__EXERCISE REQUIREMENTS__: Each line below is to be repeated exactly; any picture is to be left out.

__COLLECTED DATA__:
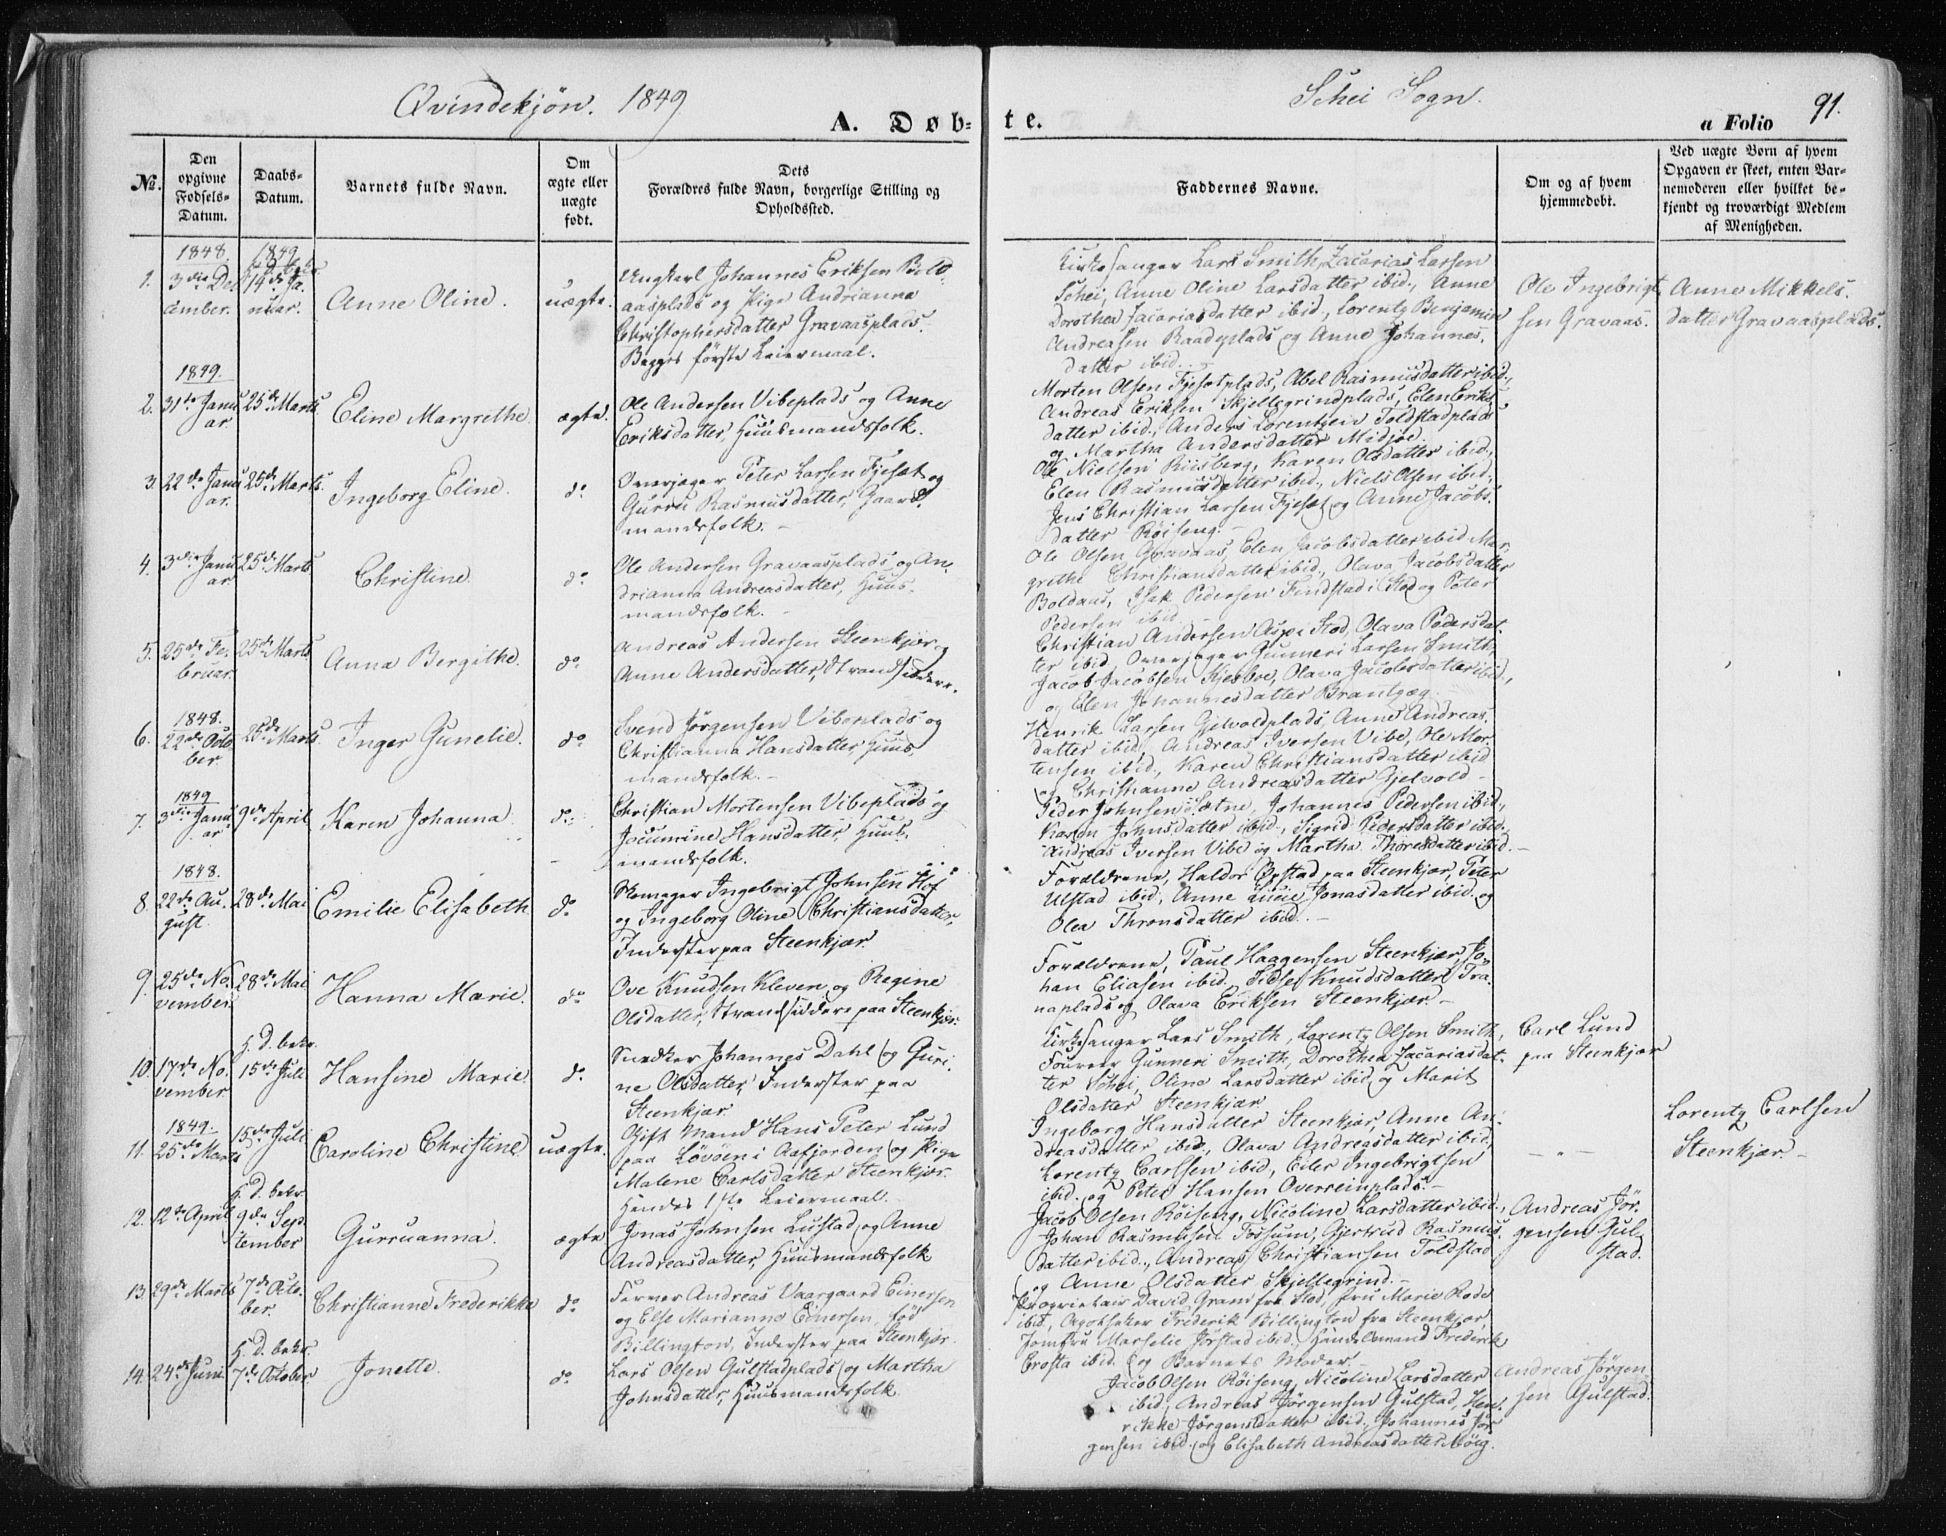 SAT, Ministerialprotokoller, klokkerbøker og fødselsregistre - Nord-Trøndelag, 735/L0342: Ministerialbok nr. 735A07 /2, 1849-1862, s. 91
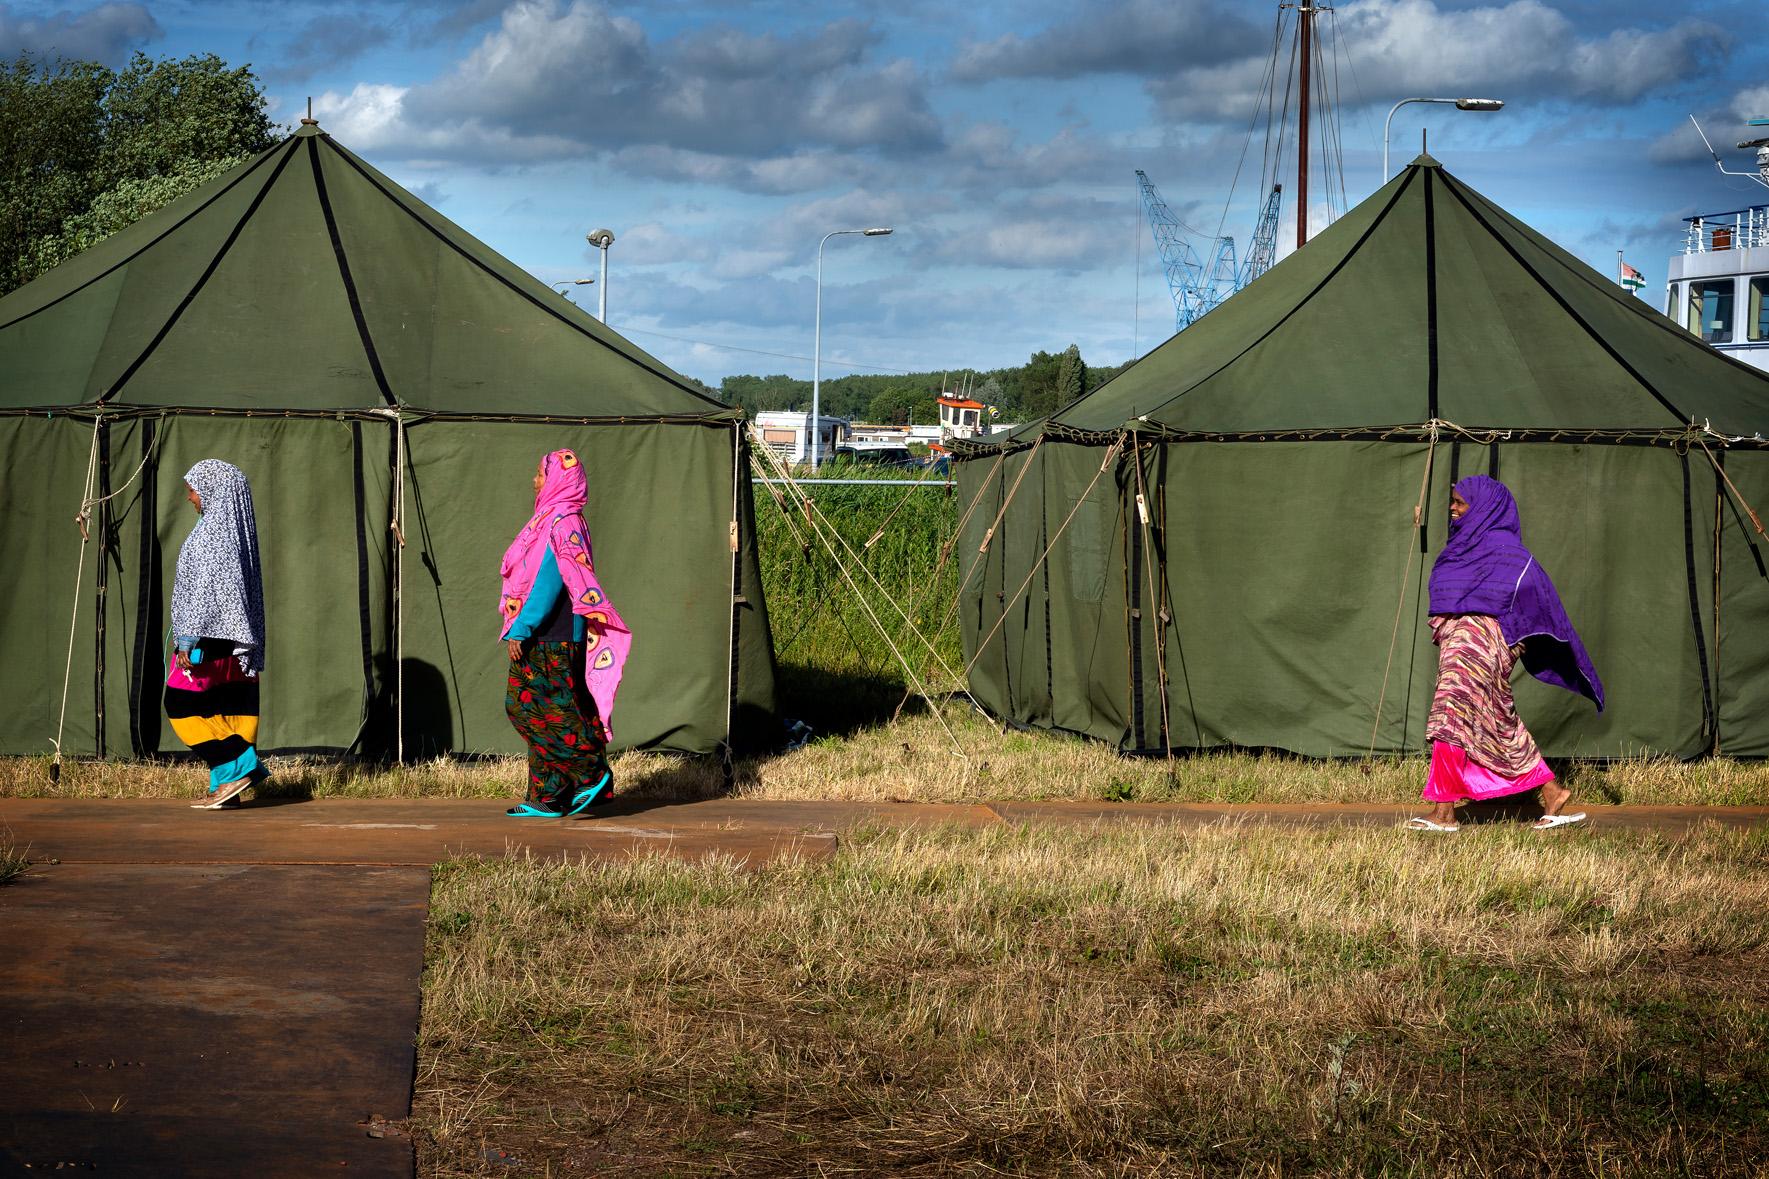 Somalische vrouwen voor tentenkamp zat 23 jun 2018
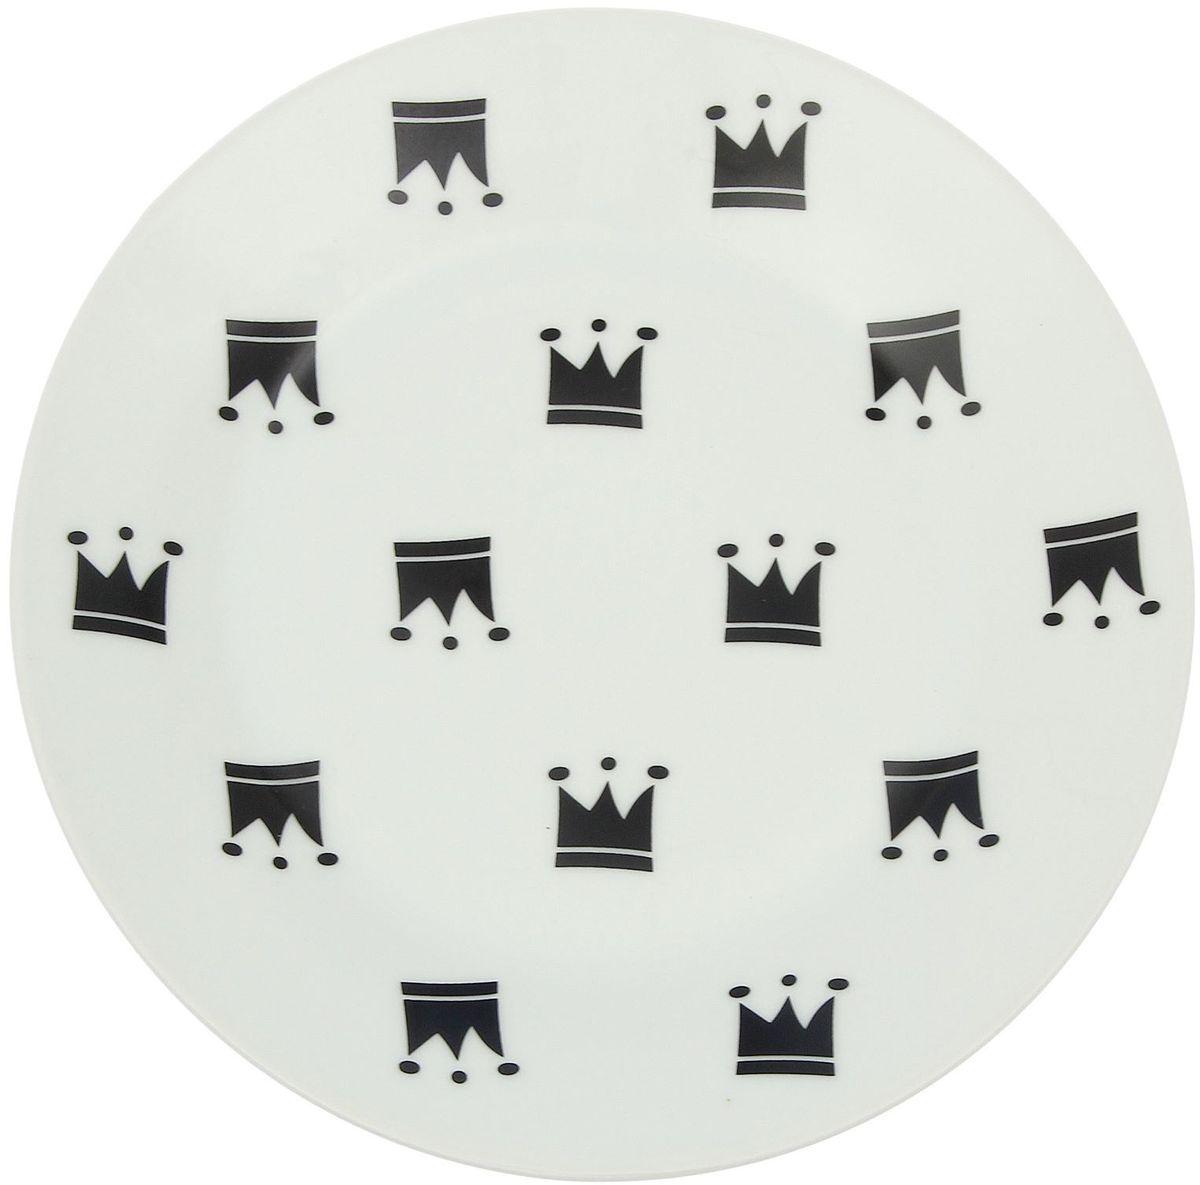 Тарелка мелкая Сотвори чудо My Little Crown, диаметр 20 см54 009312Хотите обновить интерьер кухни или гостиной? Устраиваете необычную фотосессию или тематический праздник? А может, просто ищете подарок для близкого человека? Посуда Сотвори Чудо — правильный выбор в любой ситуации. Тарелка Сотвори Чудо, изготовленная из изящного фаянса нежного сливочного цвета, оформлена оригинальным рисунком со стойкой краской. Пригодна для посудомоечной машины.

__ANSWER__:
 SAT, Ministerialprotokoller, klokkerbøker og fødselsregistre - Nord-Trøndelag, 735/L0342: Ministerialbok nr. 735A07 /2, 1849-1862, s. 91
 Somalische vrouwen voor tentenkamp zat 23 jun 2018
 Тарелка мелкая Сотвори чудо My Little Crown, диаметр 20 см54 009312Хотите обновить интерьер кухни или гостиной? Устраиваете необычную фотосессию или тематический праздник? А может, просто ищете подарок для близкого человека? Посуда Сотвори Чудо — правильный выбор в любой ситуации. Тарелка Сотвори Чудо, изготовленная из изящного фаянса нежного сливочного цвета, оформлена оригинальным рисунком со стойкой краской. Пригодна для посудомоечной машины.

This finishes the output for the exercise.